Song by the Magnetic Fields

from the album 69 Love Songs
- Released: September 7, 1999
- Recorded: April 1999
- Studio: Polar West, Mother West, Polar Mother, and Sonics
- Genre: Indie rock, indie pop, lo-fi, baroque pop
- Length: 2:42
- Label: Merge
- Songwriter: Stephin Merritt

= The Book of Love (The Magnetic Fields song) =

1999 song

"The Book of Love" is a song written by Stephin Merritt and originally performed and recorded by the Magnetic Fields, an American indie pop group founded and led by him. "The Book of Love" appears on Magnetic Fields' three-volume concept album 69 Love Songs, which contains 69 tracks described as "love songs", 23 tracks in each of the three volumes.
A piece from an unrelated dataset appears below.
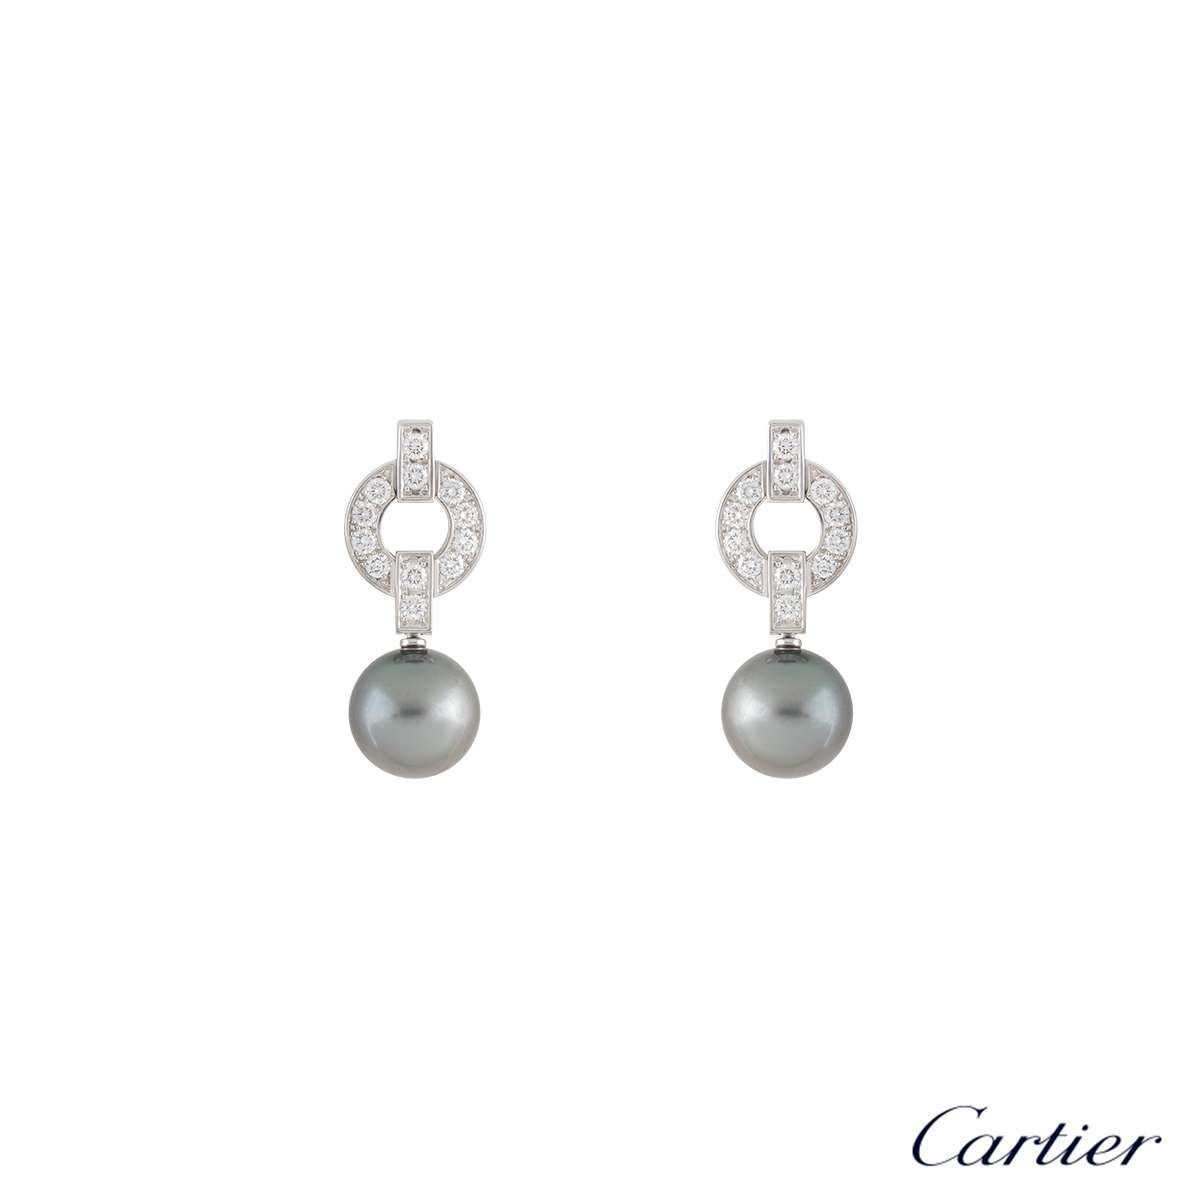 Cartier Himaliacollection Whitegold Diamonds Pearl Earrings Venezia Italy

The three-volume album was released in 1999, with "The Book of Love" appearing in volume 1 as track number 12.

==Versions==
The song has been covered and re-recorded by a variety of musicians:

===Peter Gabriel version===

When the Magnetic Fields appeared at London's Lyric Hammersmith Theatre in January 2001 to play their album 69 Love Songs in its entirety, they were joined by Peter Gabriel for an encore of "The Book of Love". He later recorded his own cover of the song for the soundtrack of the 2004 romantic comedy film Shall We Dance? His cover has since been featured in film and television, such as in the Scrubs episode "My Finale" and the South Park episode "Tweek x Craig".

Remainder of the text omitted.